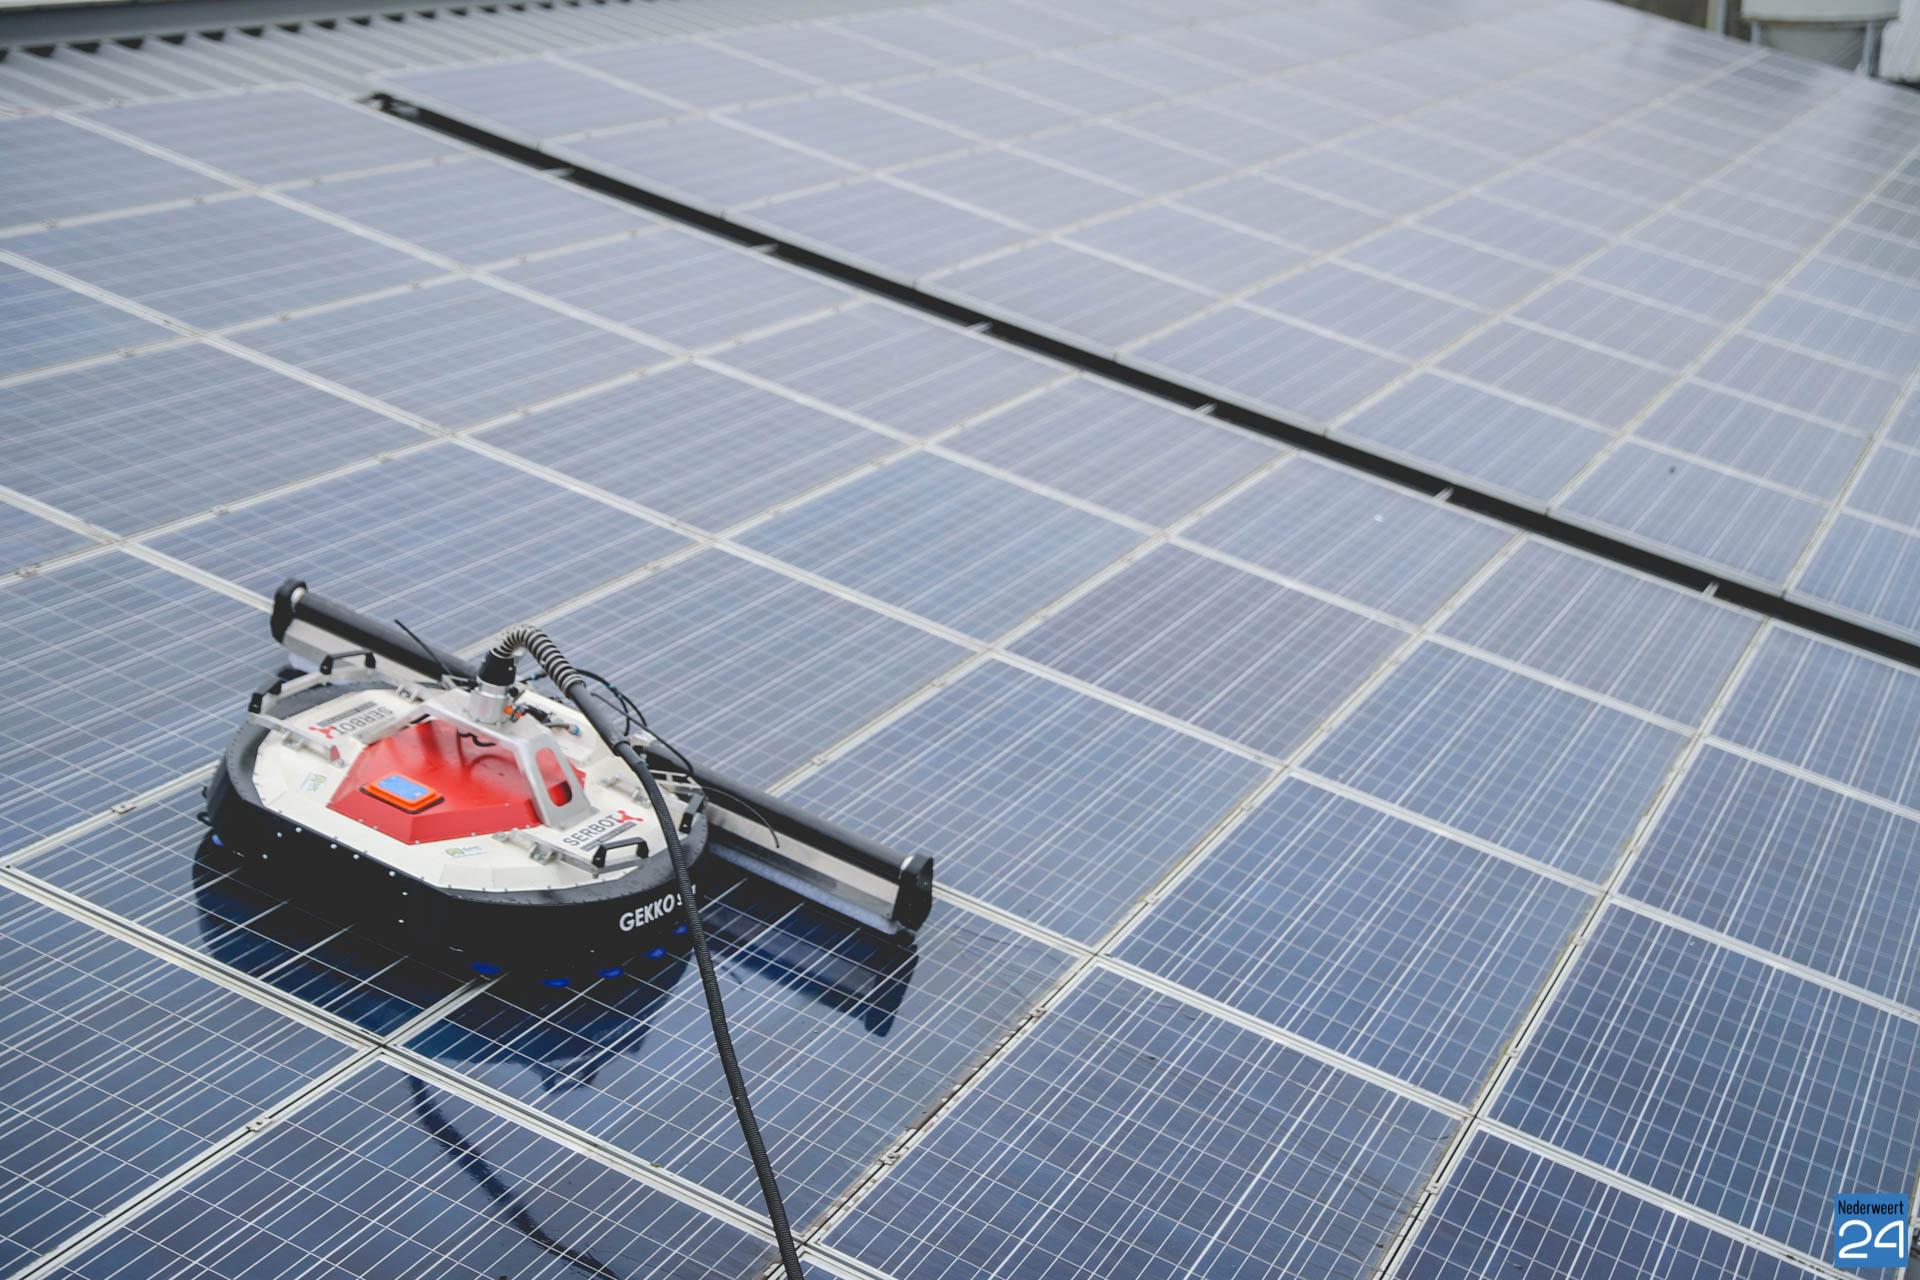 Reinigingsrobot van SPC heeft inmiddels de eerste daken met zonnepanelen gereinigd - Nederweert24
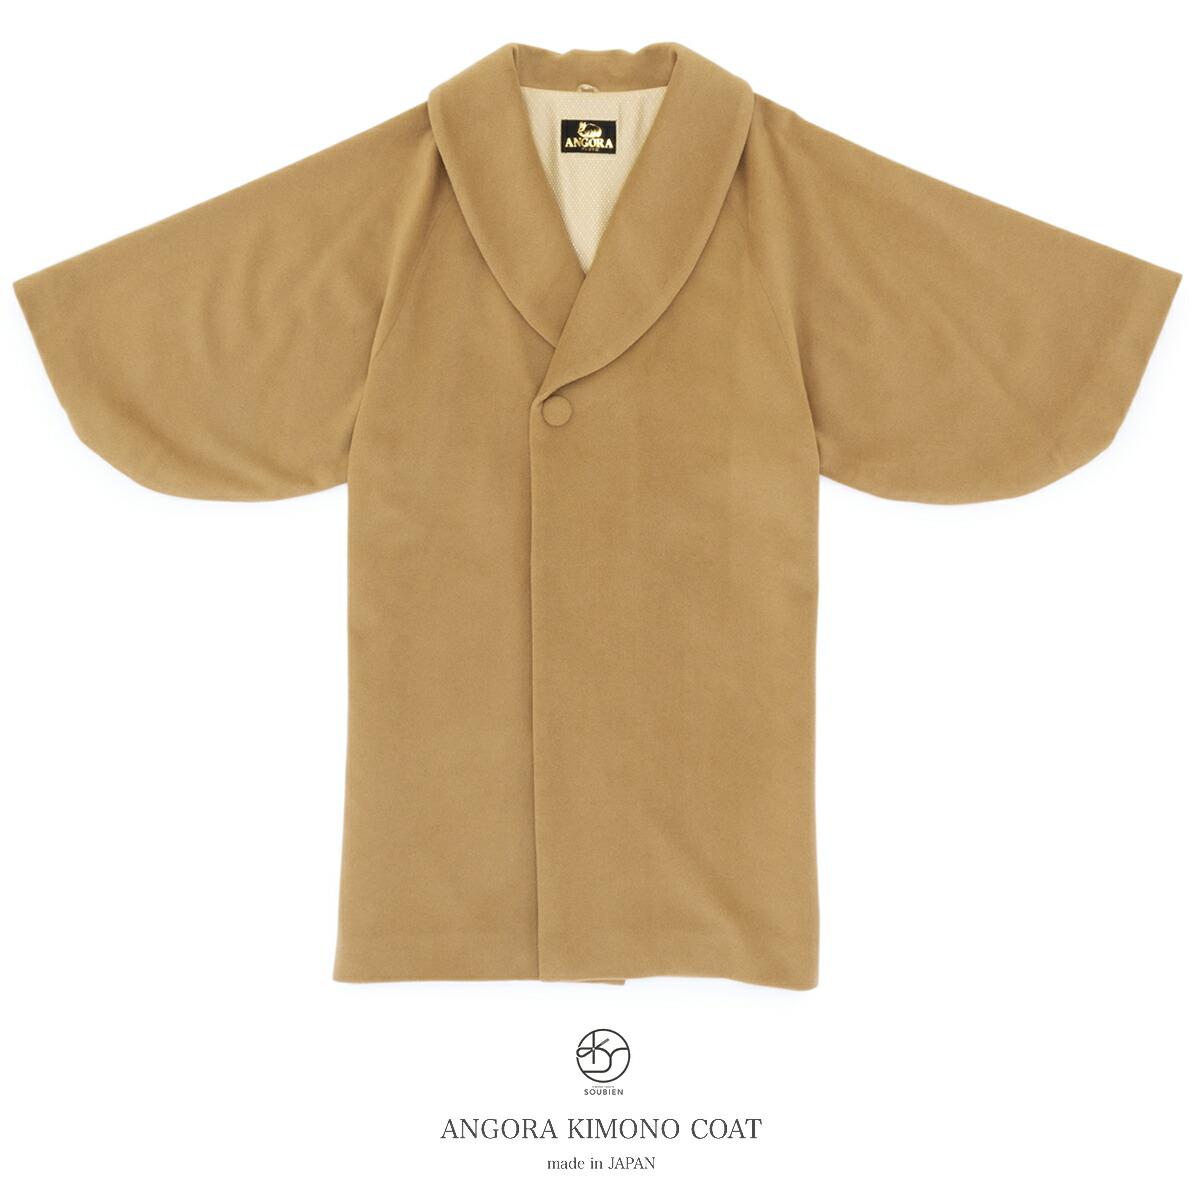 小紋や訪問着におすすめなコート
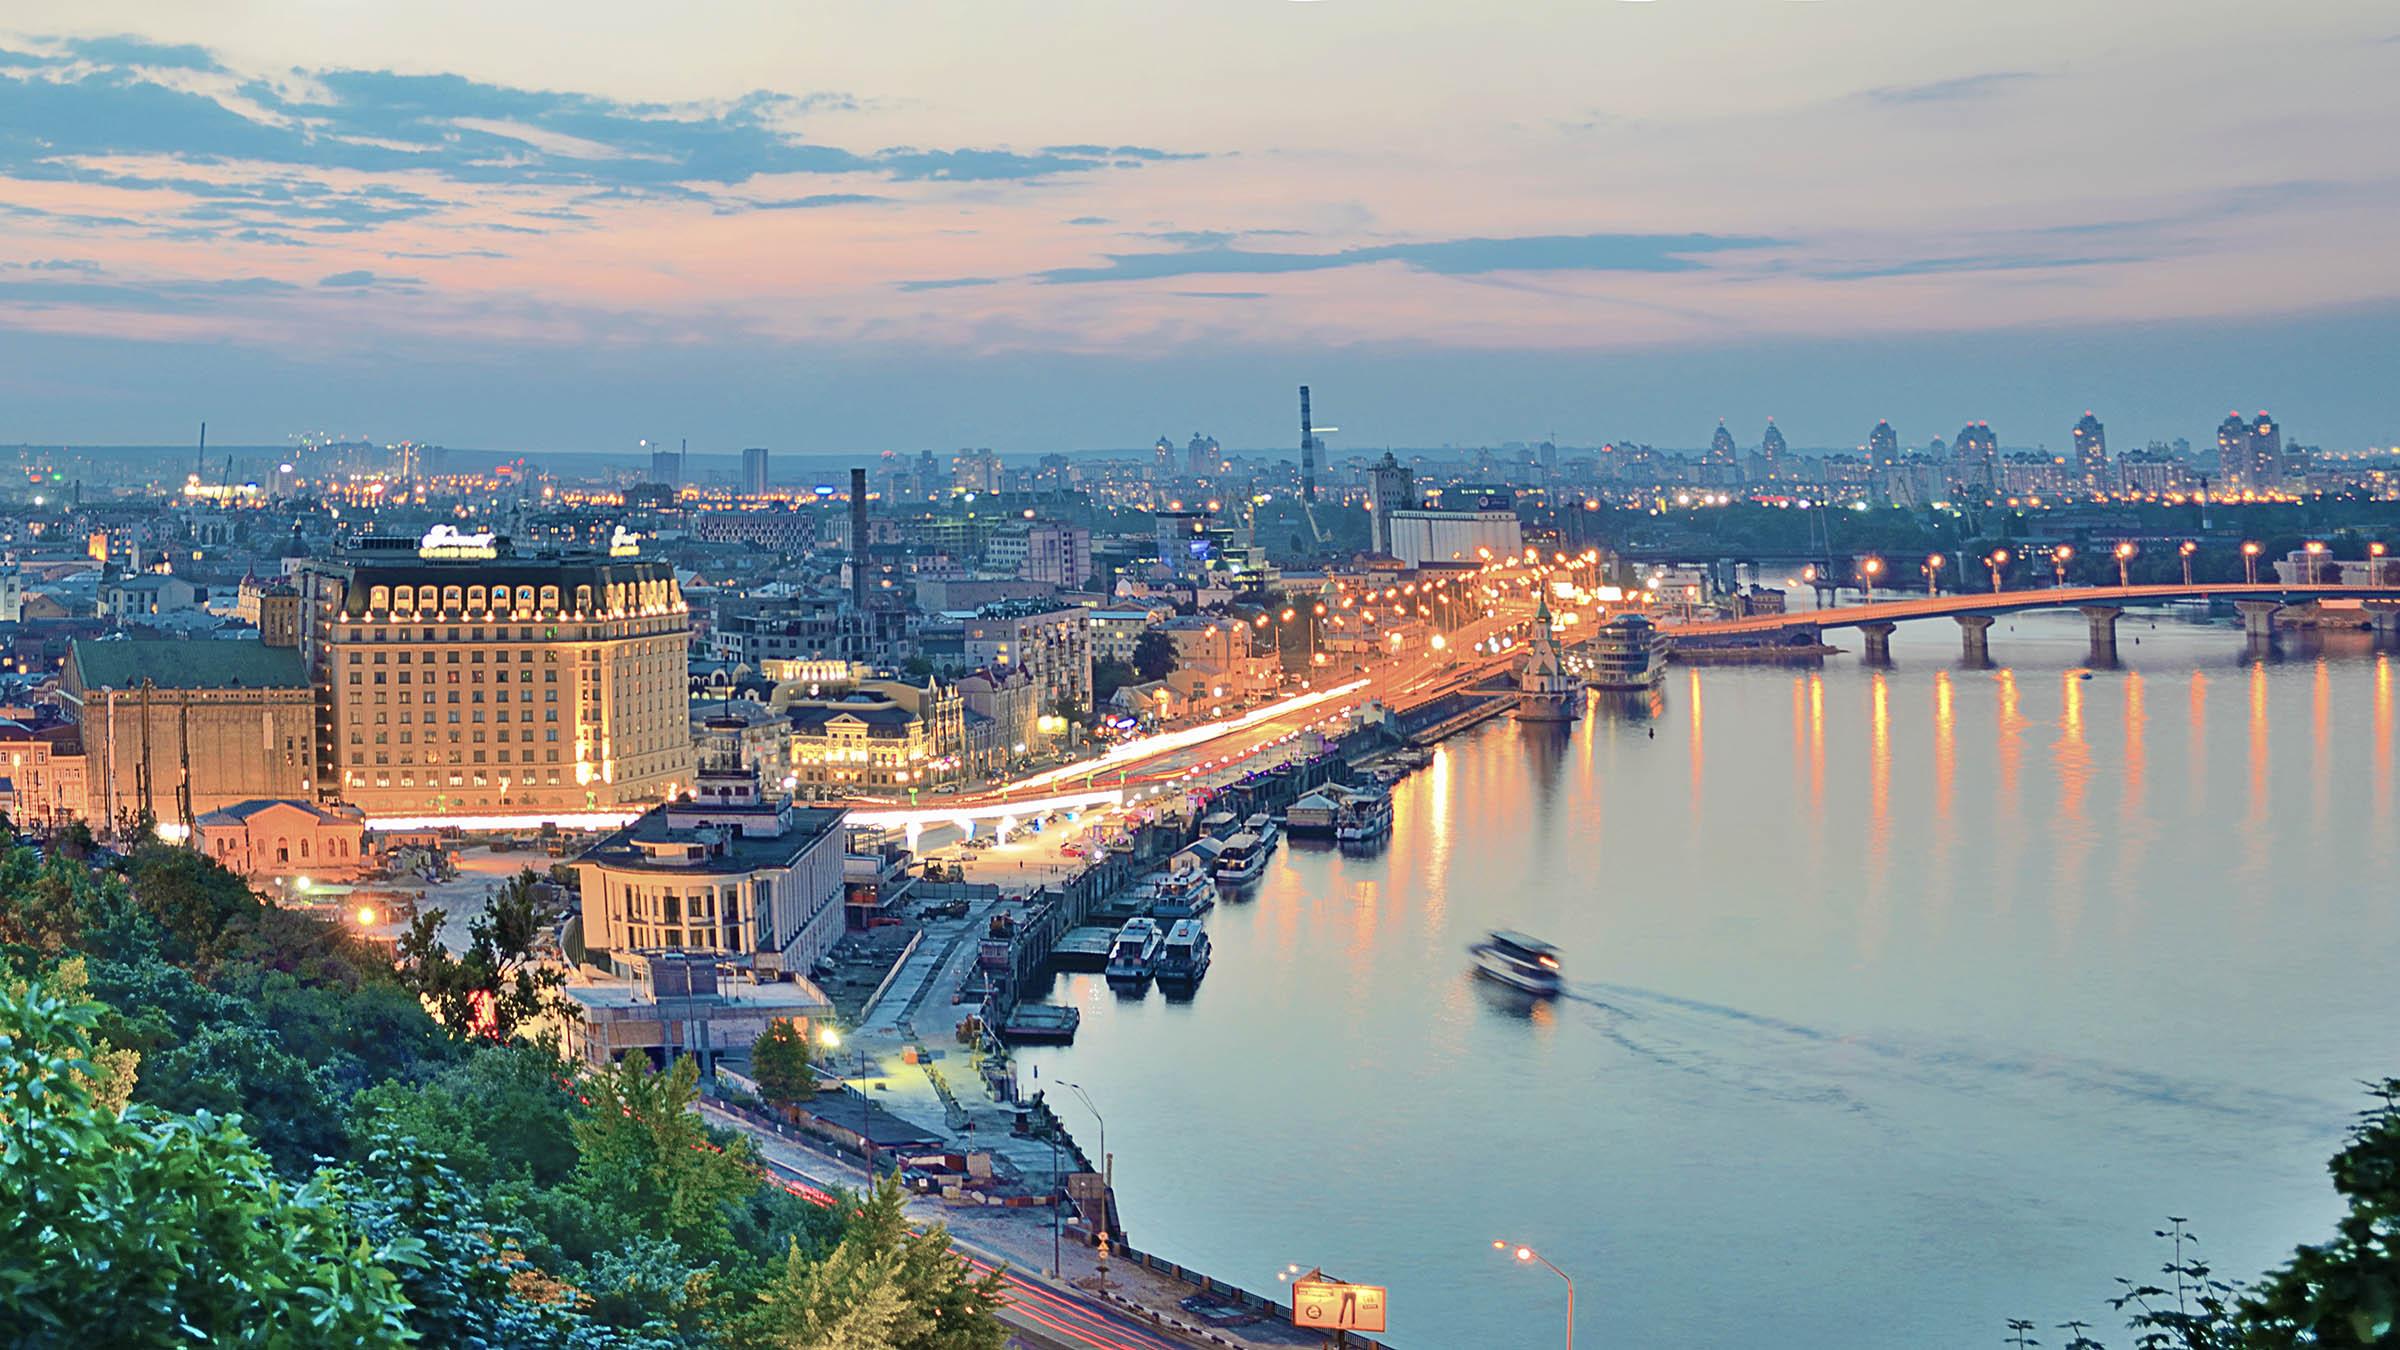 Vuelos directos a kiev ucrania desde barcelona con vueling for Vuelos de paris a barcelona

+ + + + +

→ **TASK ITEM**
Leaving the pictures out, give back each line above exactly.

→ **RESULT OF THE EXERCISE**
 Reinigingsrobot van SPC heeft inmiddels de eerste daken met zonnepanelen gereinigd - Nederweert24
 小紋や訪問着におすすめなコート
 Vuelos directos a kiev ucrania desde barcelona con vueling for Vuelos de paris a barcelona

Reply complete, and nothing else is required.